Размышления прервал резко зазвеневший звонок и нетерпеливый стук в дверь. Наташа вздрогнула и повернулась. Сердце словно провалилось, выступил пот. Она обеими руками схватилась за край стола, затем сделала шаг и застыла. Ей сделалось боязно оттого, что этот громкий звонок и стук разбудят спящего сына хозяйки. На некоторое время стало тихо. В глубине души девушки затеплилась надежда, что он не проснется. И вновь резкий звонок. Ужас бессилия и отчаяния охватили ее, она прислушалась, нет ли какого движения в спальне, потом медленно, почти беззвучно подошла к входной двери и затаилась. На лестничной площадке ни единого шороха, словно никого нет, она собралась уже возвращаться, как донесся неразборчивый тихий разговор. Голоса то приближались к самой двери, то исчезали. Наконец кто-то нервно выругался матом, послышались удаляющиеся шаги. Вдруг в спальне храп прекратился, оттуда донеслось сонное бормотание. Наташа вернулась в кухню, напряглась. Тишина, только сбивчивое собственное дыхание и глухой стук колотящегося сердца.

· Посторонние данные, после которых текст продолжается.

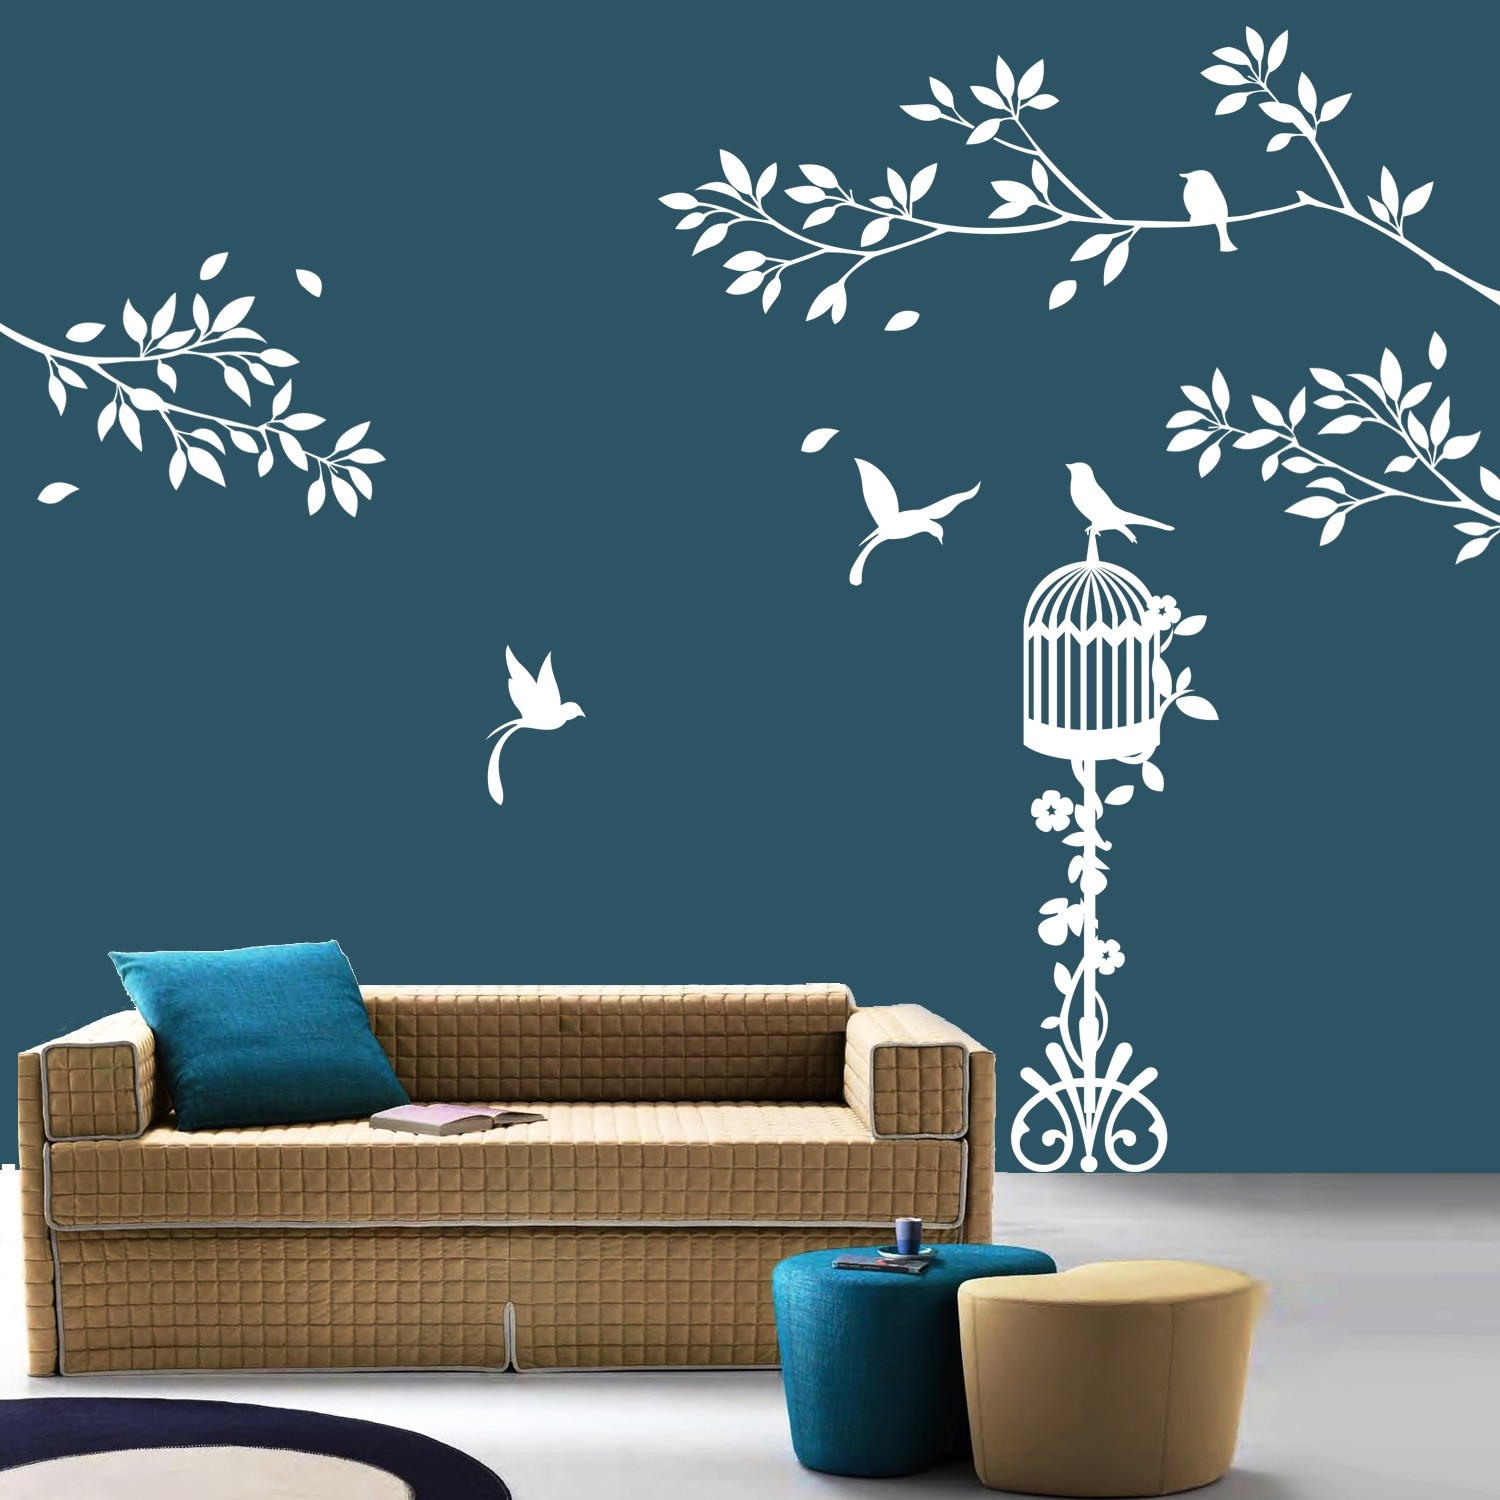 Birds Paradise Wall Sticker Decal-Small-White

Наступил момент, когда тревога и страх стали невыносимыми. Ее дыхание постепенно учащалось.

– Господи, да что со мной сегодня происходит? – произнесла она в полголоса.

Через пять секунд храп в спальне раздался с новой силой, захлебывающийся, протяжный, как рев, вырывающийся из глотки разъяренного зверя. Наташа словно прилипла ногами к полу. Этот низкий хрипящий звук то стихал, то становился угрожающим, как будто настойчиво хотел заставить ее трястись от страха еще сильнее. Ей стало душно, она подошла к окну и попыталась открыть его, но створки присохли к раме и, словно прибитые гвоздями, даже не пошатнулись. Напрасно Наташа дергала за маленькую металлическую ручку еще и еще.

С каждой минутой кухня наполнялась неясным, расплывчатым мраком. Девушке стало жутко в темноте, но включить свет она не решалась. Она боялась, что снова начнет думать о том, что будет, если проснется хозяйский сын. Внезапно вспомнила о балконной двери и с облегчением вздохнула. «Вот на балконе я и спрячусь. – И тут же засомневалась. – А вдруг и там дверь не откроется?» Миновав комнату, она осторожно раздвинула длинные занавески и, к своему изумлению, дверь открыла без всяких усилий. До нее донесся уличный шум: гул и шуршание колес проносящихся внизу машин, глухие голоса. Наташа поспешно шагнула на балкон, радуясь тому, что вырвалась из душной квартиры, и втянула воздух: пахло не так, как на лугу после проливного дождя, ощущался запах выхлопных газов, гари, но все же лучше, чем в комнате.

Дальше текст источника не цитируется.